Выбрать главу
Юлиан Урсин Немцевич

 Что касается вошедшего в поговорку «рыцаря без страха и упрека» (chevalier sans peur et sans reproche), то неплохо было бы знать, что первым историческим носителем такого титула был известный французский рыцарь Арнольд Вильгельм де Барбазон (1360 — 1431), вторым же — еще более знаменитый Пьер дю Таррель, известный как Баярд (1473 — 1524).

Так какими же — могут спросить — были рыцари на самом-то деле? Ежели действительно столь уж жестокими, как хочет сказать автор, то как попали эти «рыцарские» элементы в нашу культуру и язык, да и почти во все языки мира [57]?

Отвечаю: они забрели из рыцарского романа — прежде же всего из переработанного (на универсальный европейский лад) артуровского мифа. Попали они не только в литературу, поэзию и разговорную речь, но и в историю. Ибо исторически подтвержденные чрезвычайно немногочисленные примеры действительно рыцарского поведения восходят к тем временам, когда легенда об Артуре и его верных товарищах из Камелота была уже широко популярна и знакома. Немногочисленные «хорошие рыцари» просто старались подражать своим литературным образцам. При этом они, как правило, ограничивались тем, что выступали на турнирах в костюмах Ланселота, Тристана или Гавейна да украшали шлемы шарфами и лентами своих Гвиневер и Изольд. В повседневной же жизни, а уж тем более на войне, подражать идеалам было затруднительно.

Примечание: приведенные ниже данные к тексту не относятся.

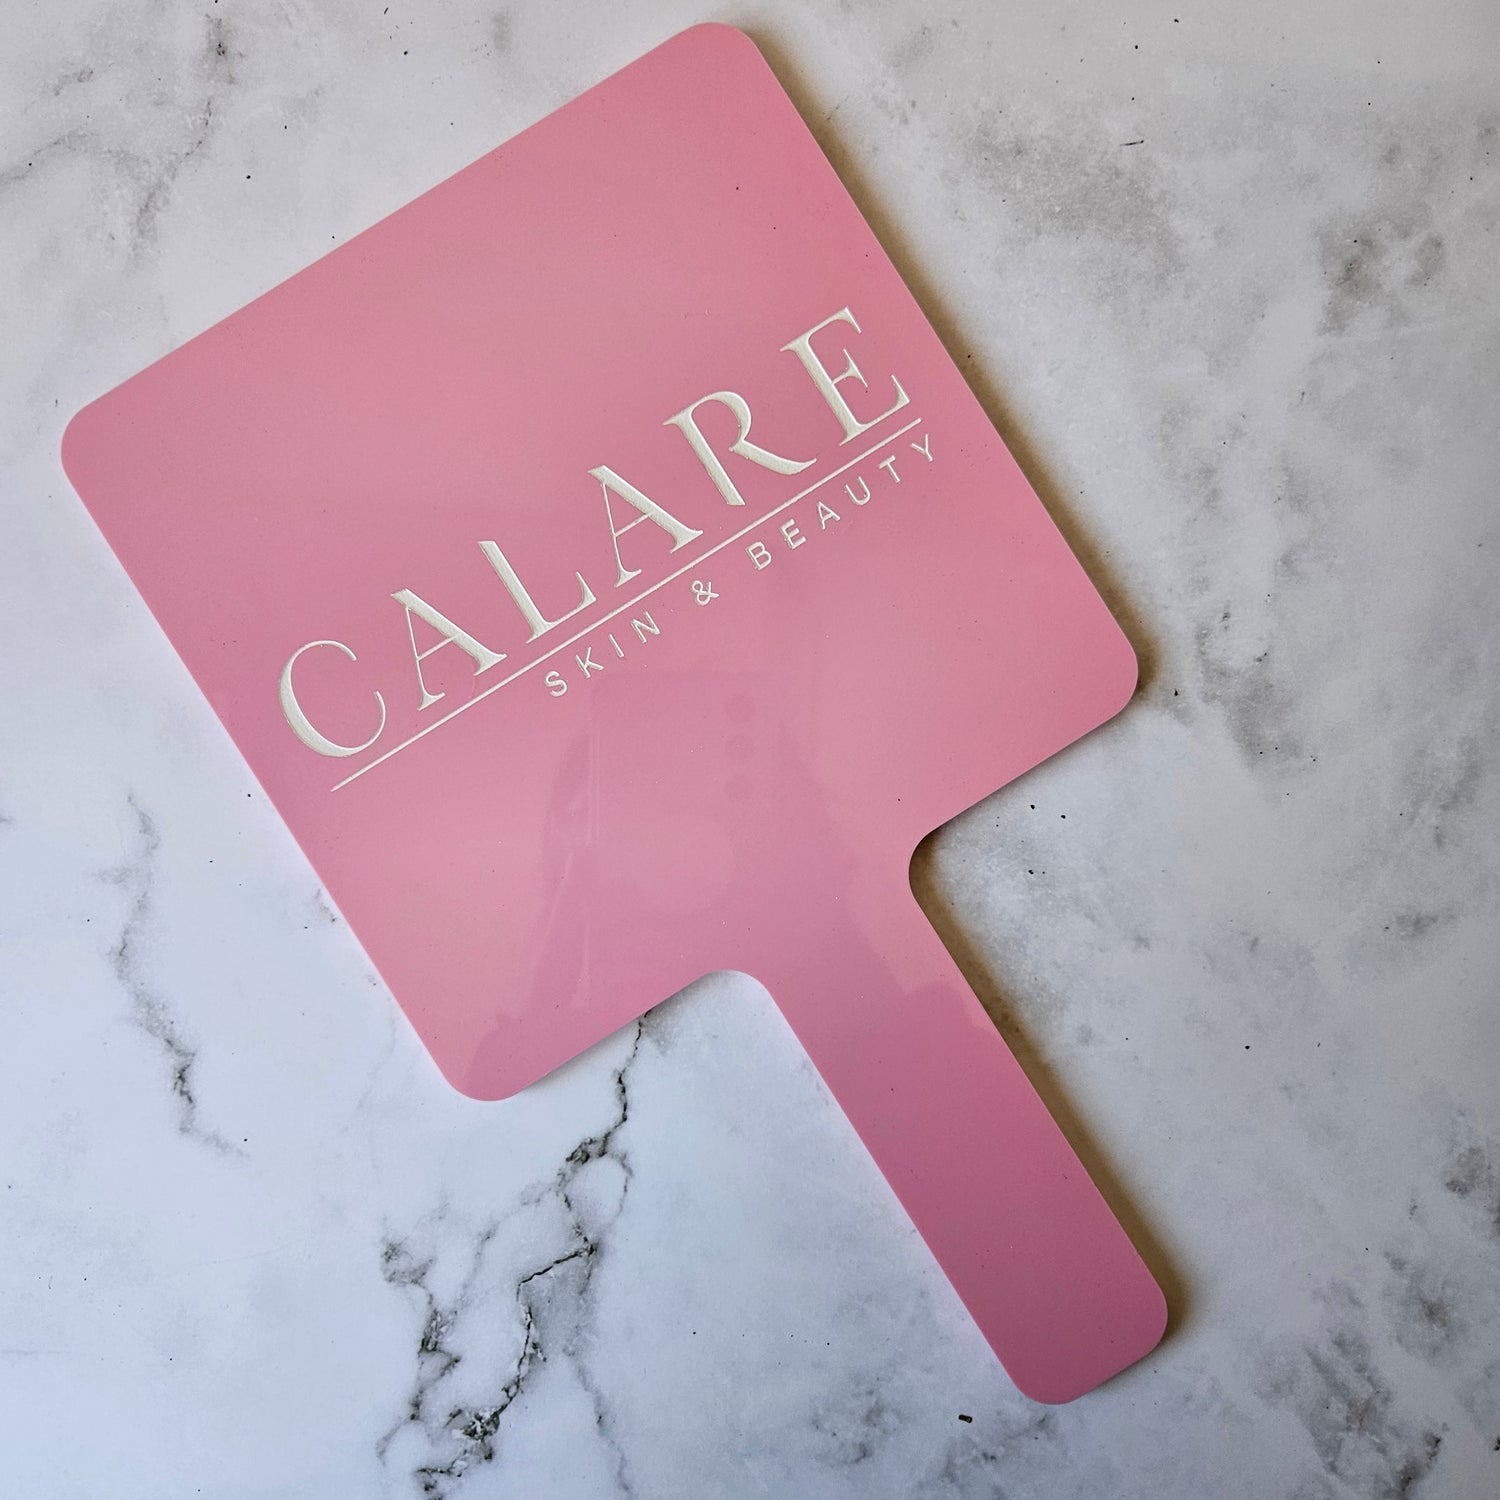 Square handheld mirror in pink gloss acrylic with white logo engraving for skin and beauty salon australia
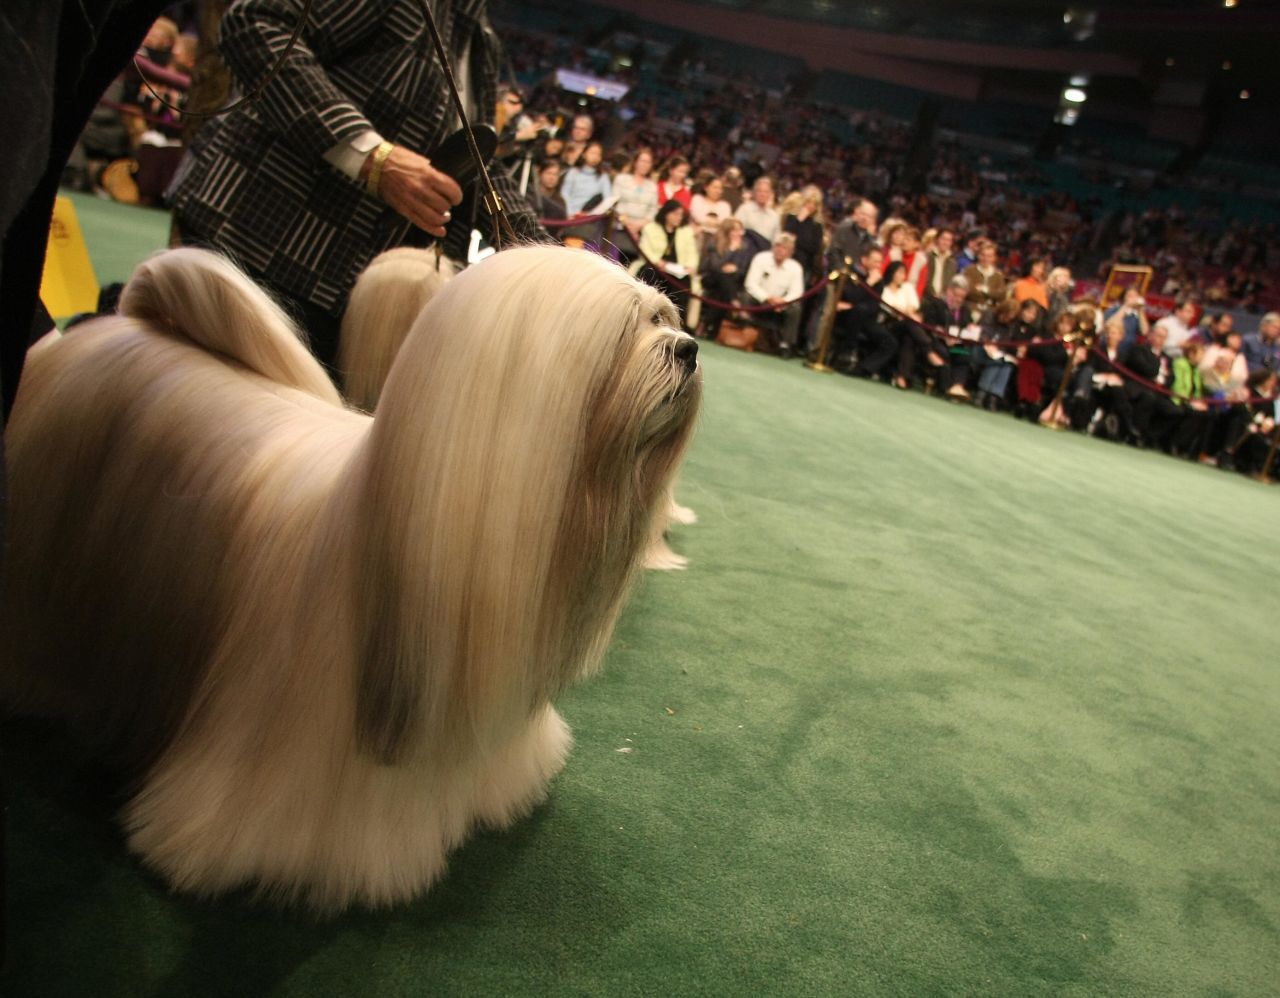 The <a href="http://www.westminsterkennelclub.org/breedinformation/non-sporting/lhasaaps.html" target="_blank" target="_blank">Tibetan Lhasa Apso</a> breed was developed by dalai lamas as guard dogs. These dogs have excellent hearing, which helped their masters protect temples.

Артуровский миф в последующих фазах развития не отличался одной лишь ностальгией по старым добрым, ушедшим временам, когда еще на свете жили действительно добродетельные, верные и благовоспитанные рыцари. Миф не сокрушался по поводу упадка рыцарской культуры. Не над чем было сокрушаться, скорбеть, ибо — как доказывают многие историки — об упадке рыцарской культуры можно говорить уже с момента возникновения рыцарства и его культуры вообще. В действительности миф шел гораздо дальше: творил рыцарскую утопию. Творил совершенно фиктивный идеал. Идеал рыцаря, которого никогда не было.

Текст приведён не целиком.